We believe now, if ever, Halleck's lines apply:
"Strike, till the last armed foe expires, Strike, for our altars and our fires; Strike for the green graves of our sires, God, and our native land."
Hoping God may so direct you that our dear bleeding country may be cheered through the storm and darkness to a glorious peace, with our starry flag floating as of old from the Bay of Fundy to the far shores of the Pacific, and believing that freedom, truth, and right must prevail,
We are, for ourselves and numerous friends,
Respectfully and truly yours,
MARY E. DISDROW, MARGARET M. WILLIS.
PENNSYLVANIA.
COLUMBIA, PA., May 8, 1863.
SUSAN B. ANTHONY—DEAR MADAM:—I beg that my name may be recorded with those of the Loyal Women of the Nation. Though we walk in darkness, tears, and blood all the days of this generation, let us not shrink; we have to do the most blessed duty ever laid upon a people. Though we see not the end, our deed shall be blessed. Let us rejoice that upon us is laid the glory of suffering for the good of mankind. Though all our dearest fall, though we are wrapt in woe, let us not flinch to the bitterest end. Right shall triumph. God shall cause the wrath of man to praise Him. Upon Northern traitors be unutterable and everlasting contempt. Highest honors, tenderest glory to our heroes, immortal in the heart of the nation.
SOPHIA LYMAN SMITH.
We wish to obtain the documents of the Ladies' National Union League, that we may be "transformed into the same image"; and also desire to wear the same badge.
Yours fraternally, MARY R. H. HAYNES, President Richwood Ladies' Union League.
PENNSYLVANIA STATE NORMAL SCHOOL, MILLERSVILLE, May 11, 1863.
To the National Convention of Loyal Women:
LADIES:—I beg leave to introduce to you Miss Fannie W. Willard and Mrs. Annie V. Mumford, who have been elected by the ladies of this institution as delegates to represent them in your Convention. Hoping that, by word and work, your Convention may add strength to the arm that is now raised in defense of the nation's life, I am,
Yours truly, J. P. WICKERSHAM, Principal.
GREEN GROVE, LUZERNE CO., PA., May 8, 1863.
DEAR MADAM:—With pleasure I read the "Call," and gladly would respond to it in person, but must be content with sending my name. Prospectively I see the places of meeting filled to overflowing, every eye kindling with enthusiasm, every heart swelling with patriotism, all determined to aid in preserving our sacred legacy of liberty. The woman who is not truly loyal is unworthy the protection of our dear old flag.
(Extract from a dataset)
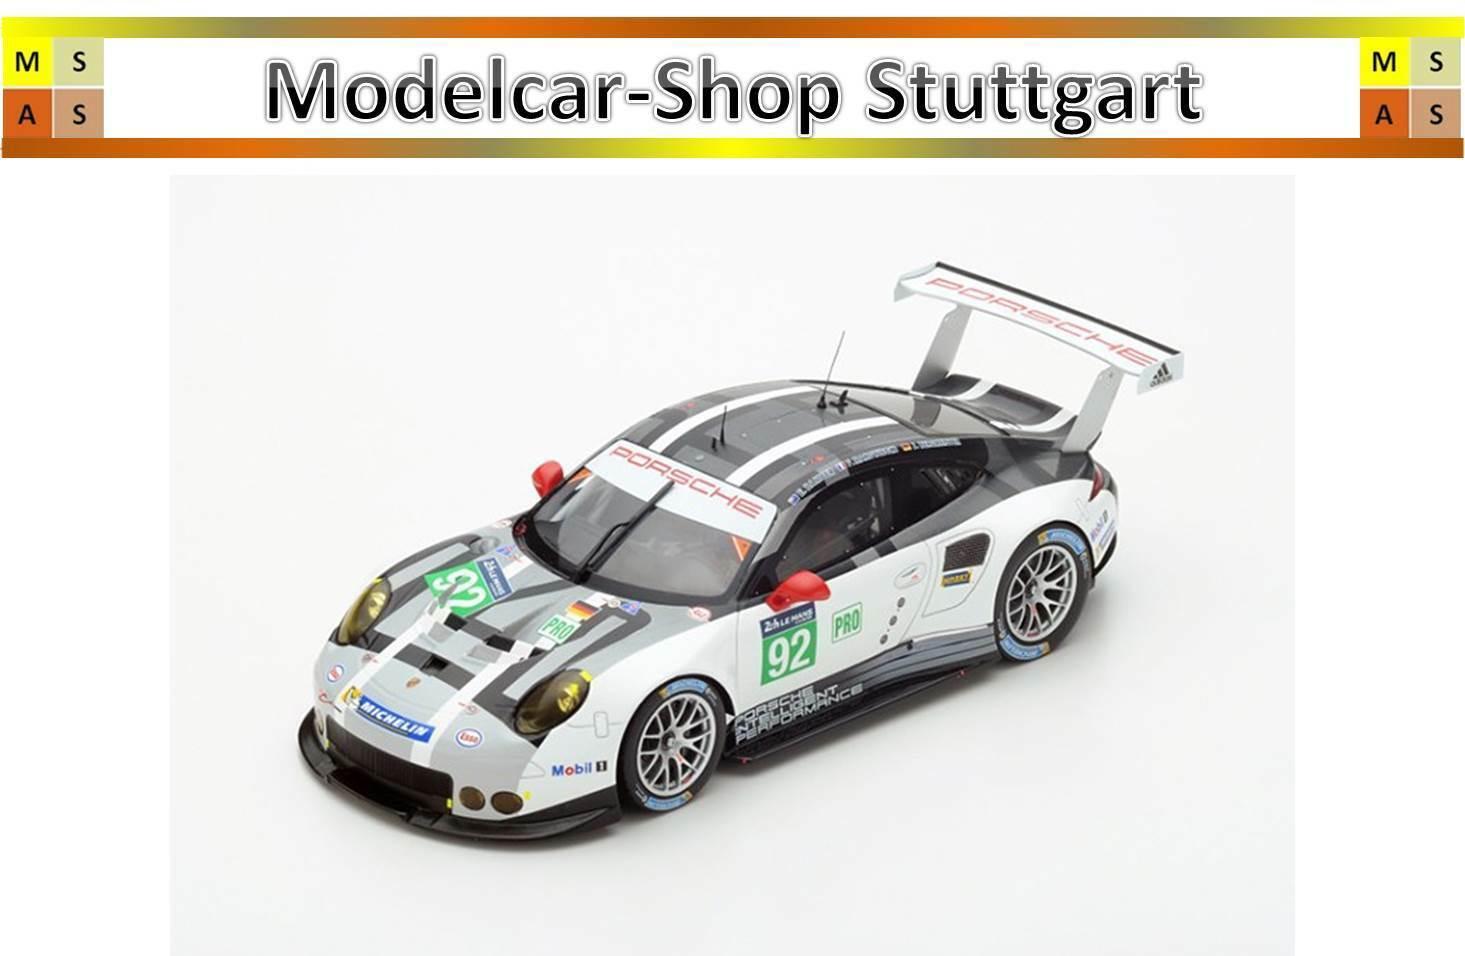 Porsche 911 Rsr le Mans 2015 - Spark 1 43 - Map02087715 - Brand New

May God bless all the efforts made in sustaining the best Government on earth!
Yours sincerely, SARAH J. VOSBURGH.
From the Loyal Ladies of Stevensville, Pa., to the Ladies assembled in Convention in New York:
DEAR SISTERS:—Although unable to co-operate with you in your noble efforts in behalf of our country by attending your Convention, we dare not remain silent when treason is in our very midst, and thousands, with blind fury, are trying to uproot the fair tree of Liberty which our fathers planted and watered with their blood. We have already sent our fathers, husbands, brothers, and sons to defend our country, and are willing to make still greater sacrifices if necessary. We heartily sustain the President in every effort he has made to put down the rebellion, and hope that the war may be prosecuted with renewed vigor, until every traitor, North or South, shall be subdued. We would express our sympathy for the brave soldiers in the field and for those who are languishing in prisons and hospitals, and pray that their sacrifices and sufferings may not be in vain. May the angel of Peace soon spread her wings over our unhappy country, is the prayer of your loyal sisters,
MRS. ANGIE E. L. STEVENS, And Twenty-five other Women of Stevensville, Pa.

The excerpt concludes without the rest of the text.